To perform the MRI scanning, a three-Tesla scanner (Trio; Siemens, Munich, Germany) was utilized to record high-definition cross-sectional weighted T1 images. The whole-brain image was obtained with a rapid-gradient echo sequence in 176 1.0 mm slices with the following parameters: echo time=2.26 ms; replication time=1900 ms; flip angle=9°; visual field=215×230 mm; gap=0 mm. The whole scanning process was operated by the same neuroradiologist throughout.
MRIcro software (www.MRIcro.com) was used to eliminate fragmentary data. The configurable images were analyzed using statistical parametric mapping (SPM 8) (http://www.fil.ion.ucl.ac.uk) tools within MATLAB 7.9.0. Software (R2009b; The Mathworks, Inc., Natick, MA, USA). Using (VBM8) (http://dbm.neuro.uni-jena.de/vbm8/), the brain regions can be separated into white matter (WM), gray matter (GM), and cerebrospinal fluid (CSF) utilizing the default estimation selections (minimum deflection normalization; 60 mm interception for the calculation of Gaussian evenness of graphic intention; and the original European template for affine conversion of the International Consortium for Brain Mapping [ICBM]). The Diffeomorphic Anatomical Registration Through Exponentiated Lie (Dartel) algebra method in VBM8 was used for the normalization of the Montreal Neurological Institute (MNI) standard space. The Dartel method was used to generalize the GM and WM templates and normalize the GM and WM of each participant with these templates. A 6 mm full-width half-maximum Gaussian was used for smoothing. Standardized, adjusted and flattened graphs were subjected to group-standard analysis.

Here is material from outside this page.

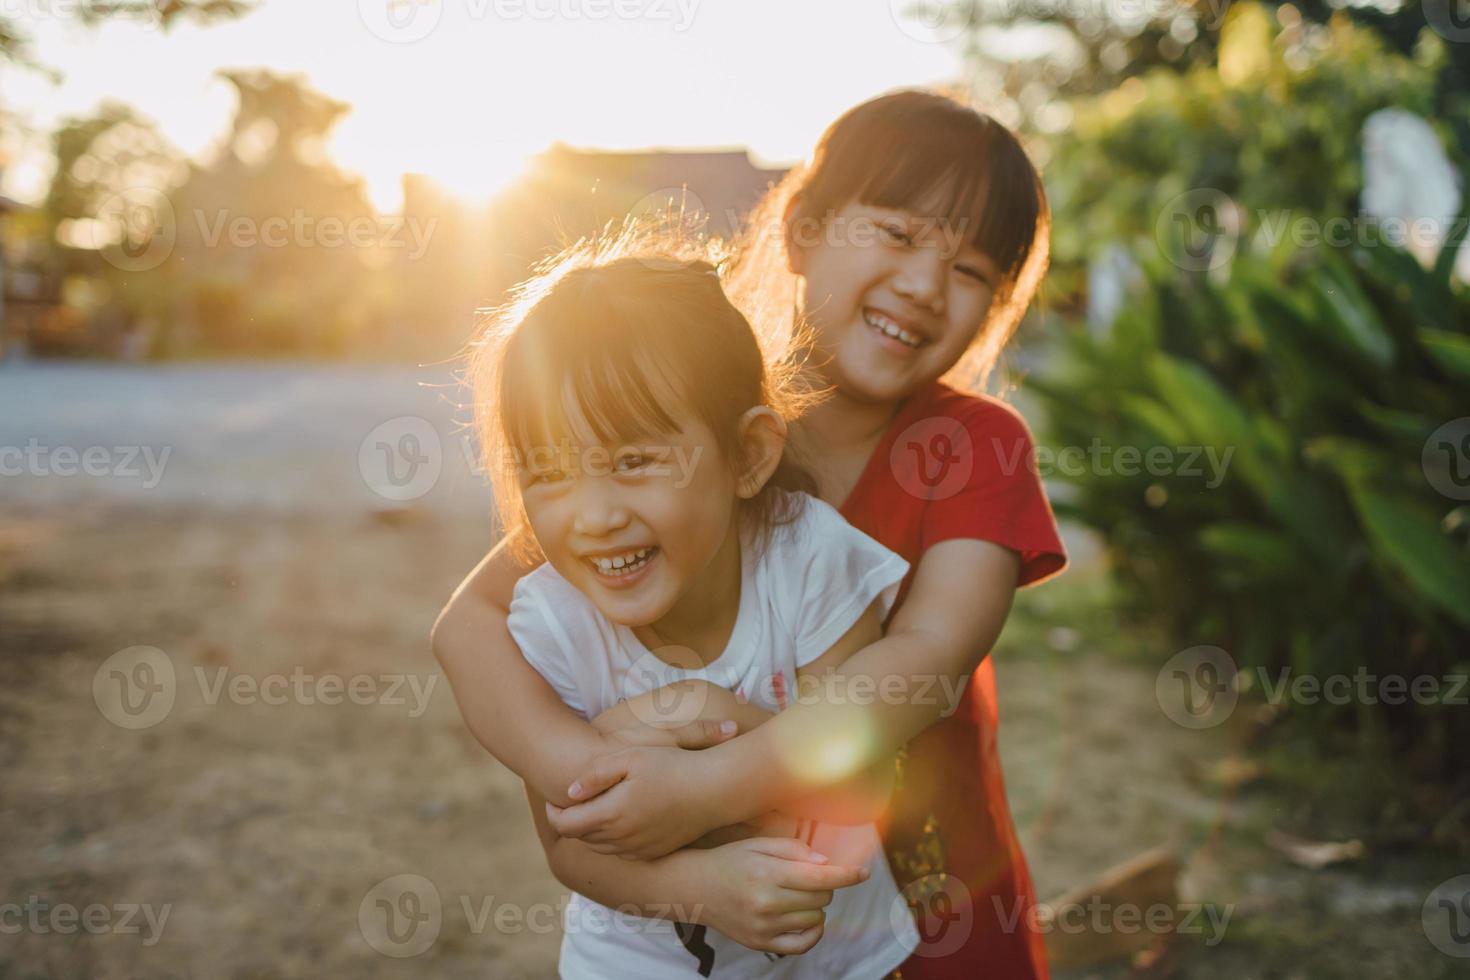 People portrait of an emotional face expression of smiling and laughing of 6 year old Asian sibling kids. Family healthy and happiness children playing together concept photo

After accounting for age and sex, we conducted a general linear model (GLM) analysis with the SPM8 toolbox to compare GM and WM between patients with nAMD and HCs. Gaussian random field (GRF) theory was used for large-scale comparison rectification (GRF calibrated, minimal z>2.3, voxel standard P<0.01, cluster standard P<0.05). To generate color-coded images, the voxels with statistical significance were superimposed on the fast acquisition gradient echo sequence (3DT1WI) of standardized three-dimensional images.
The receiver operating characteristic (ROC) curves of each brain region were compared to evaluate the average redistribution value. The objective of correlation analysis was to explore the relationship between the values in different regions (P < 0.05).
Based on the VBM results, REST software (version 1.8) was utilized to partition distinct brain regions into multiple regions of interest (ROIs). Within each ROI, the median gray matter volume (GMV) value of all voxels was calculated. In the nAMD group, correlation analyses were used to look for associations between the median GMV values and clinical symptoms.
Clinical data including nAMD disease duration (months since the first symptom) and hospital anxiety depression scale (HADS) scores were collected. The SPSS 20.0 software was used to compare data using an independent samples t-test.
In all analyses, P values less than 0.05 were considered statistically significant.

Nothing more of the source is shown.